Start of Supplied information
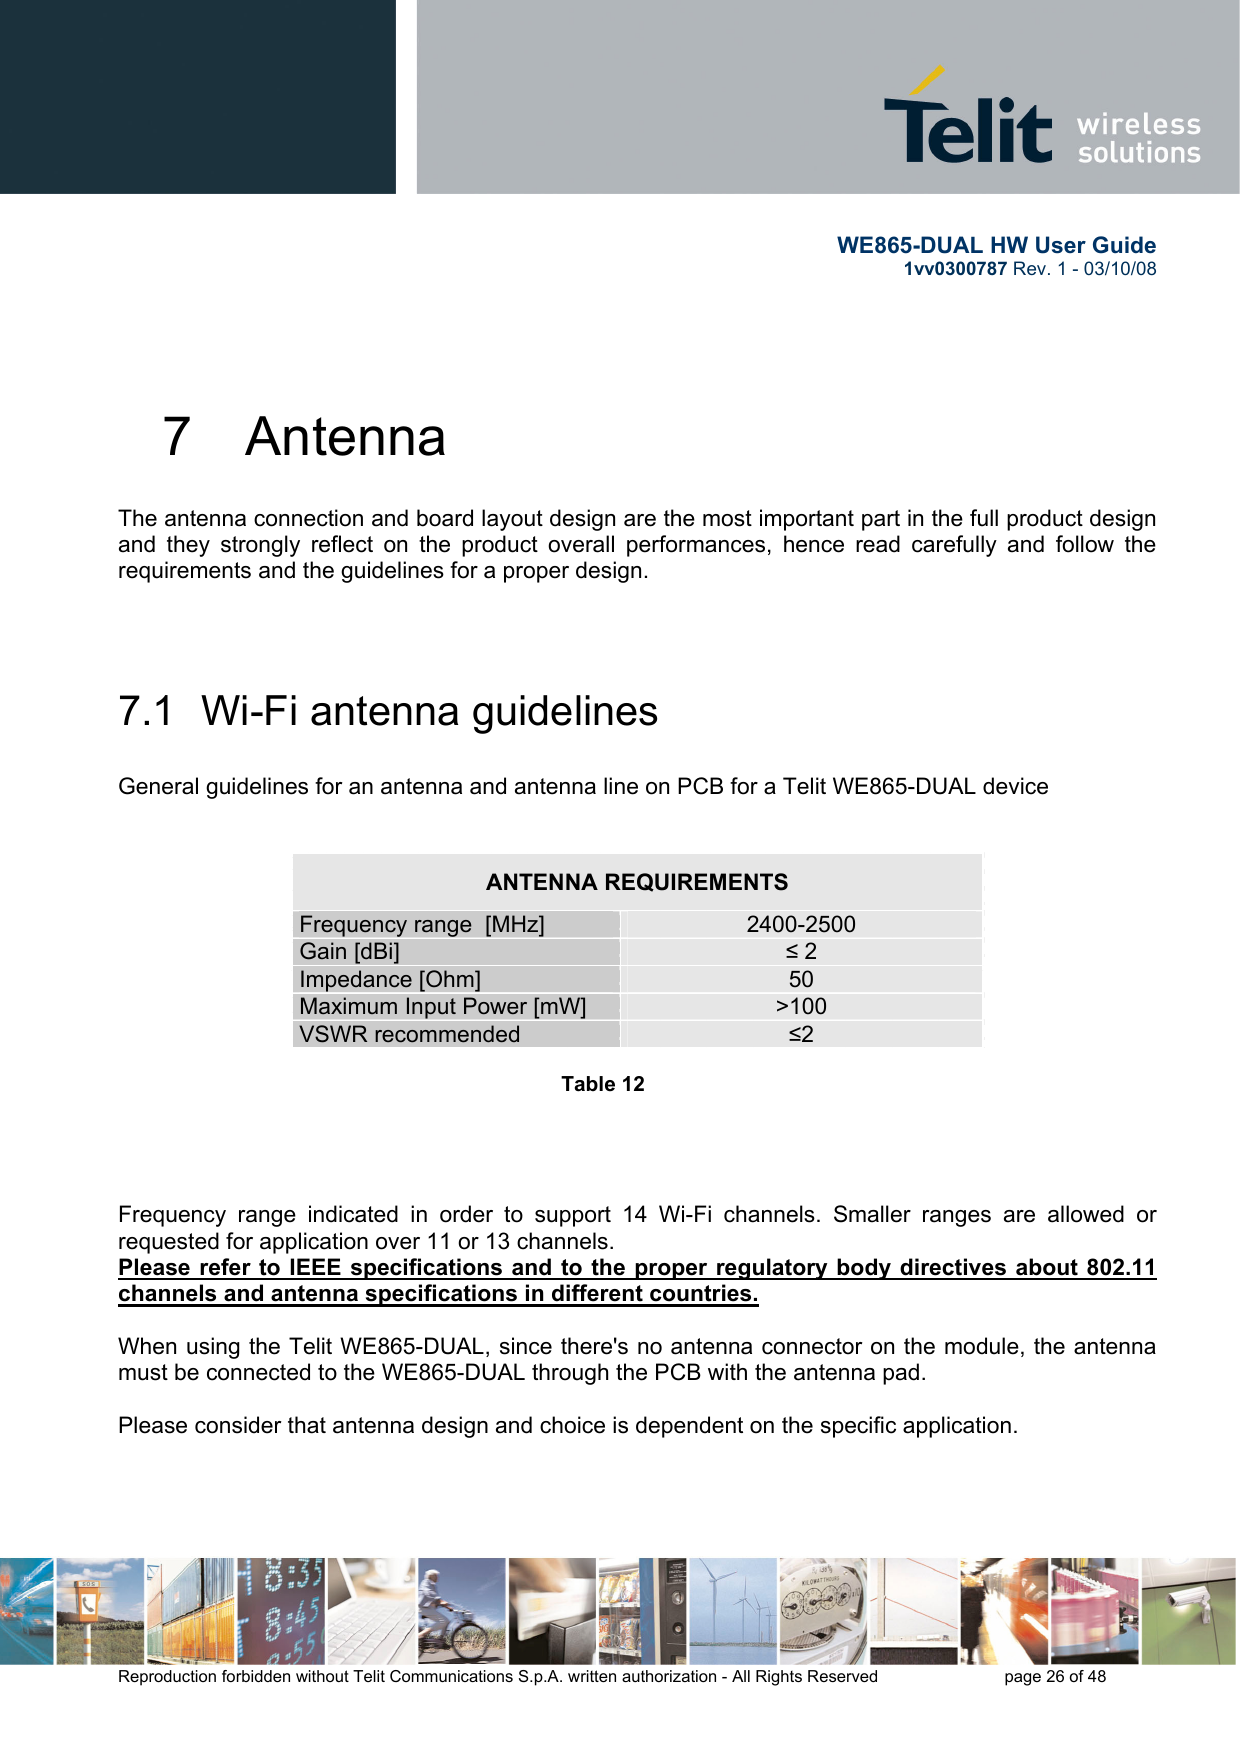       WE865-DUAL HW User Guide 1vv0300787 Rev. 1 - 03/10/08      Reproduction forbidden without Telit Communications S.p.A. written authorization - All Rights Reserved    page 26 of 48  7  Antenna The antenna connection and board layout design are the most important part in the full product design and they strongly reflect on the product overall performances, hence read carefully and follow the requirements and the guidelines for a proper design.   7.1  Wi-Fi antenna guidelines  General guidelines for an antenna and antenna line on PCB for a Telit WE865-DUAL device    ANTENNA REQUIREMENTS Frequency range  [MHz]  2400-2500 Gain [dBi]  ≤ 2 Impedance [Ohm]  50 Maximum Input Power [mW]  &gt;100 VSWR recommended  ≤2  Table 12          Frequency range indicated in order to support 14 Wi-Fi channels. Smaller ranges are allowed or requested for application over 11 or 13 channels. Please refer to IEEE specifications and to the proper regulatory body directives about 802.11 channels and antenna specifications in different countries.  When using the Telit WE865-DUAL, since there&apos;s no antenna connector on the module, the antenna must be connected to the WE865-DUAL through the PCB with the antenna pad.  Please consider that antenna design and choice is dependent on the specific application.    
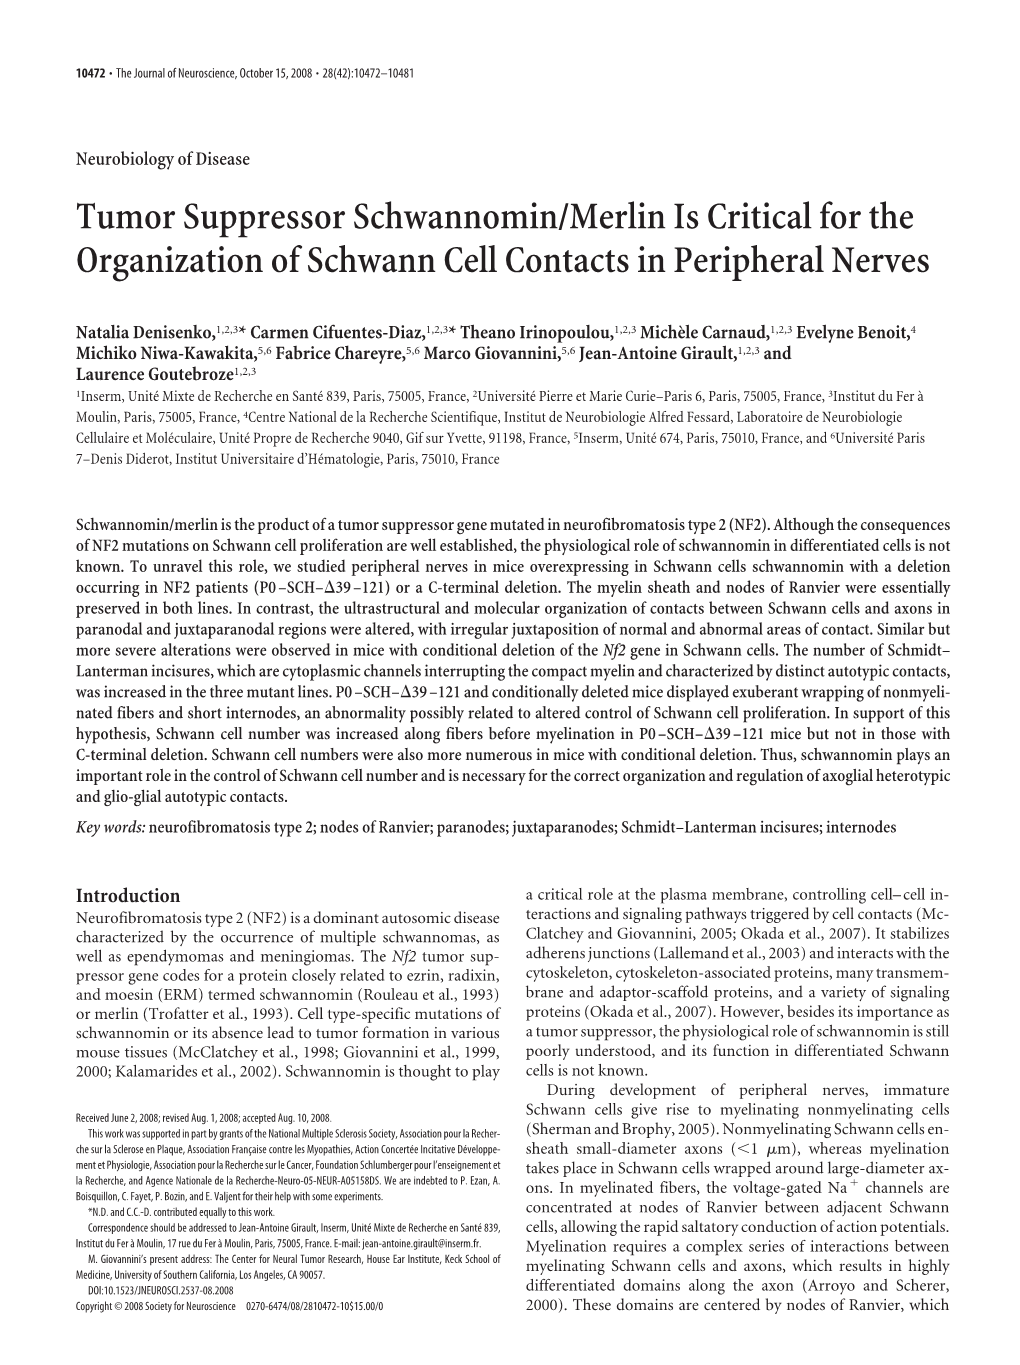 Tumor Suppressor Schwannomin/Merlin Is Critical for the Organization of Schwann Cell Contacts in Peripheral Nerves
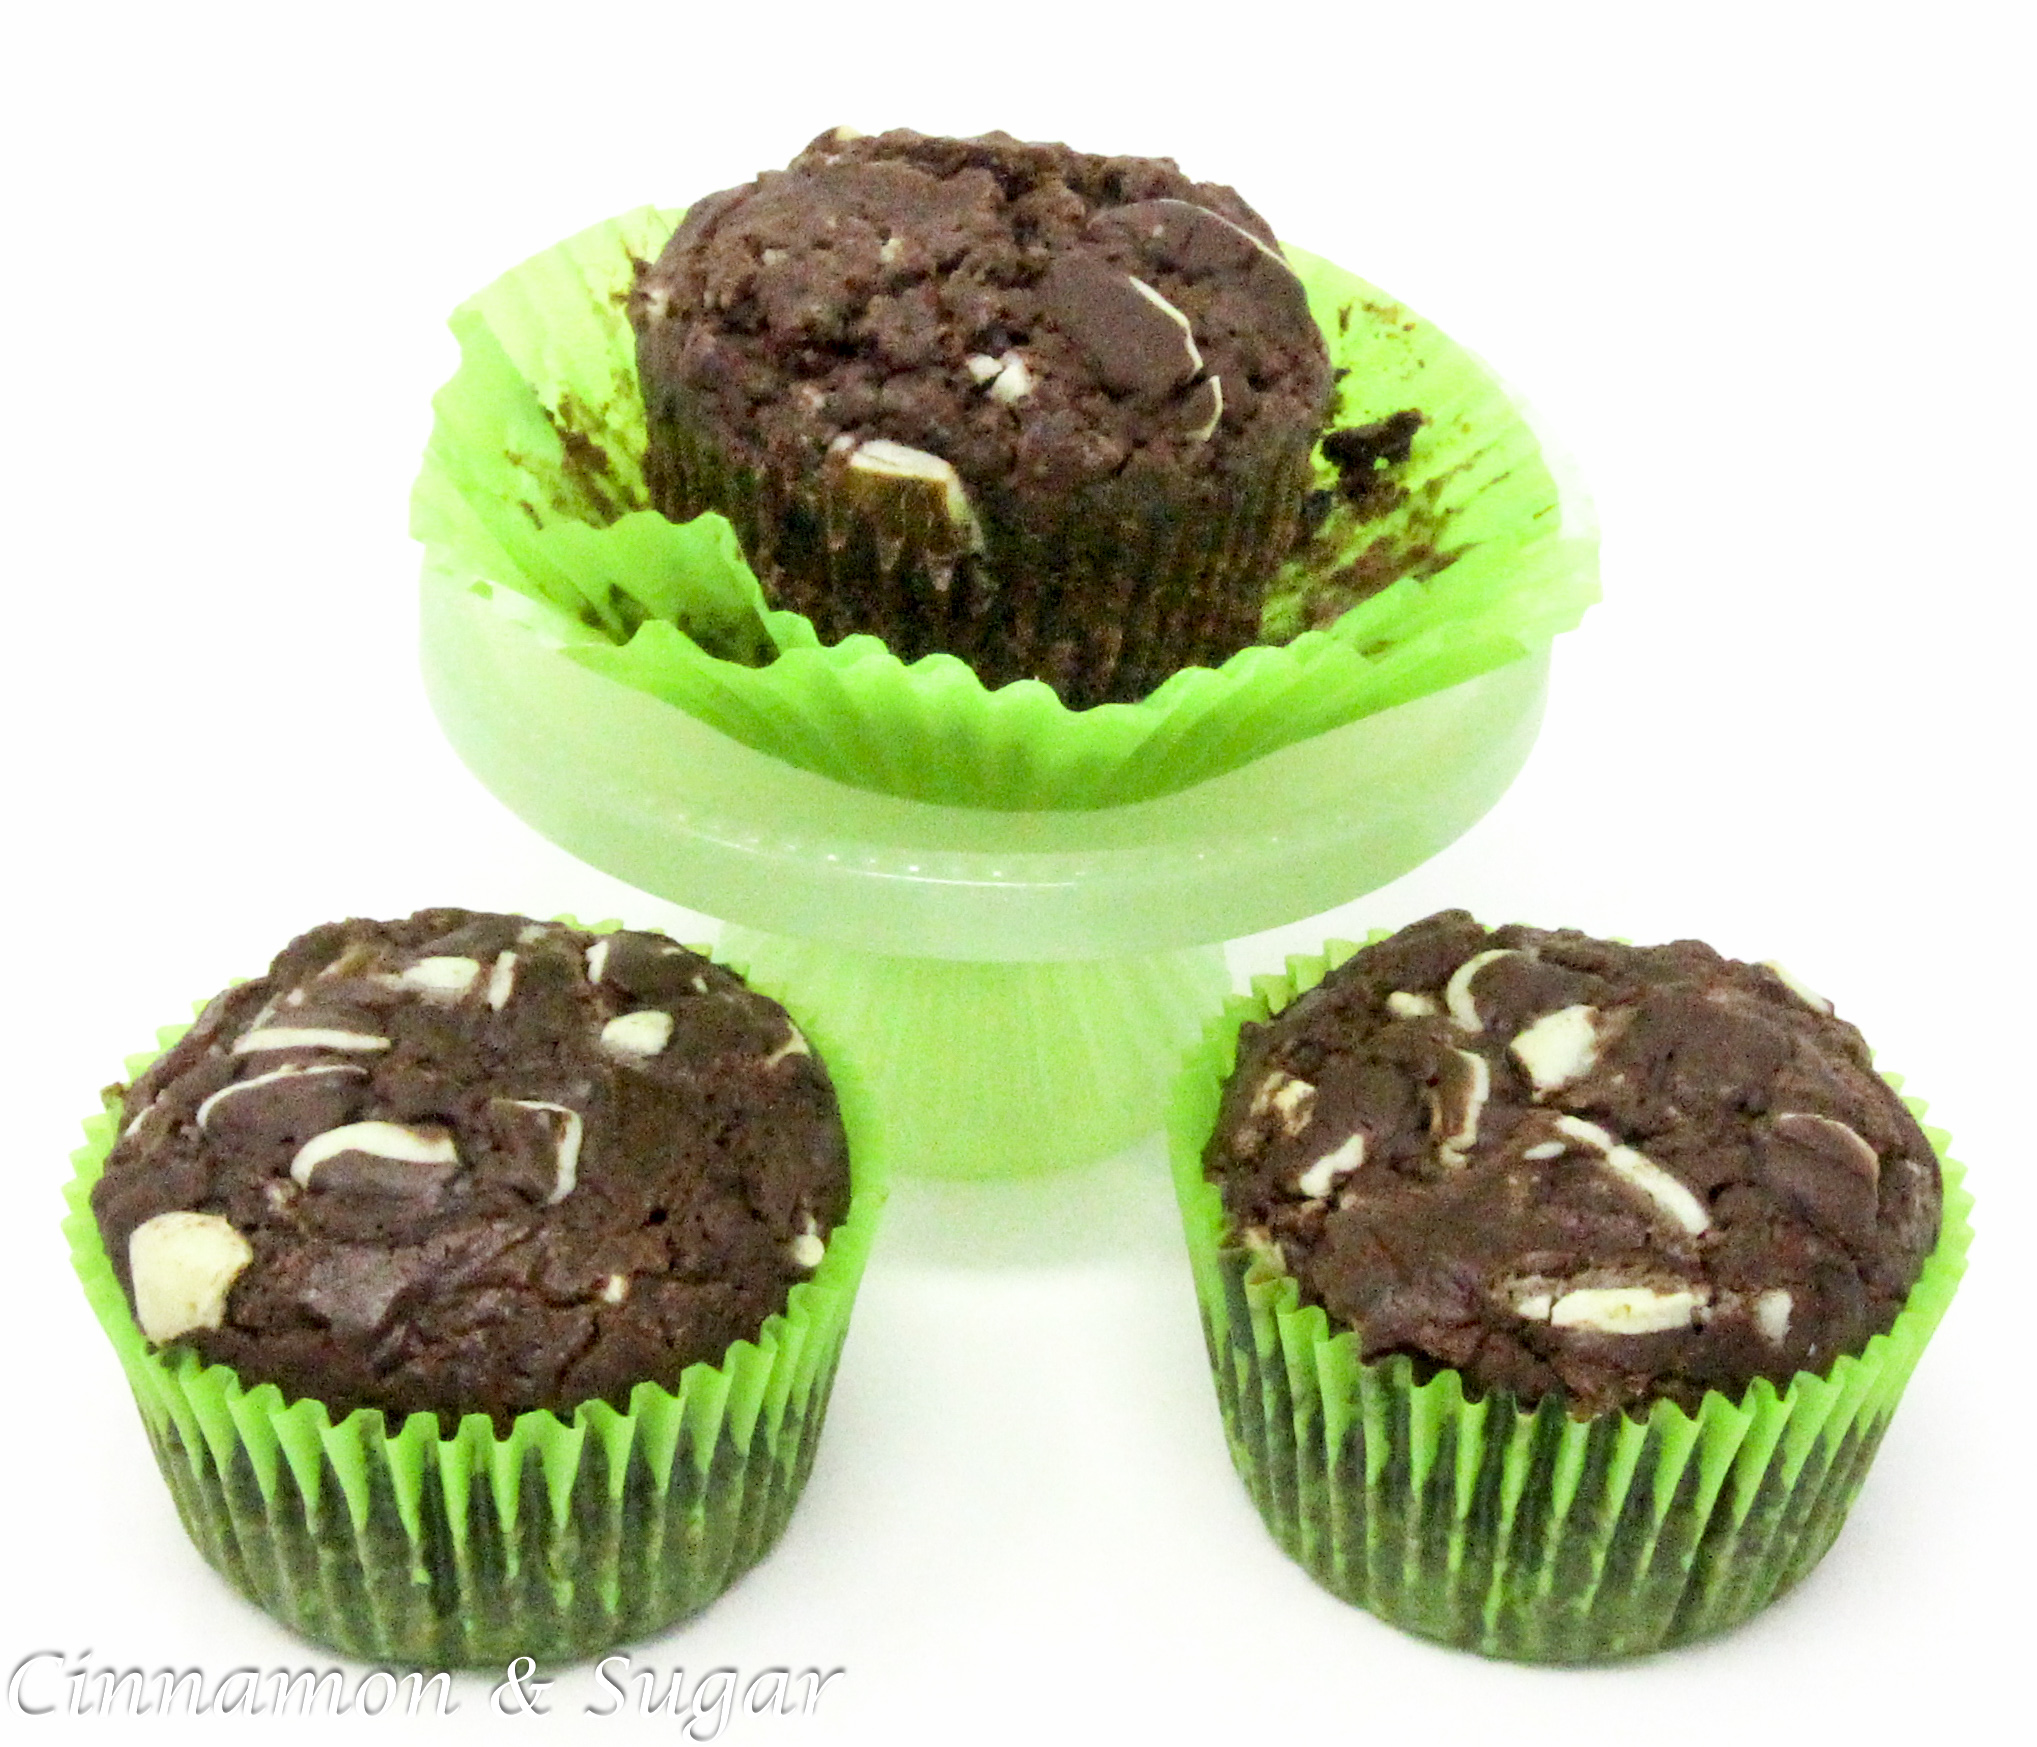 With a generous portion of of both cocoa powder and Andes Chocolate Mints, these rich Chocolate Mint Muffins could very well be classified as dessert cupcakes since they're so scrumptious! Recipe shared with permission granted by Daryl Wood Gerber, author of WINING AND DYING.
End of Supplied information
§ Work required:
Restate verbatim the lines that begin at the one holding "Tumor Suppressor Schwannomin/Merlin" and end at the last line of the material. Exclude pictures.

§ Result for this task:
 Tumor Suppressor Schwannomin/Merlin Is Critical for the Organization of Schwann Cell Contacts in Peripheral Nerves
 With a generous portion of of both cocoa powder and Andes Chocolate Mints, these rich Chocolate Mint Muffins could very well be classified as dessert cupcakes since they're so scrumptious! Recipe shared with permission granted by Daryl Wood Gerber, author of WINING AND DYING.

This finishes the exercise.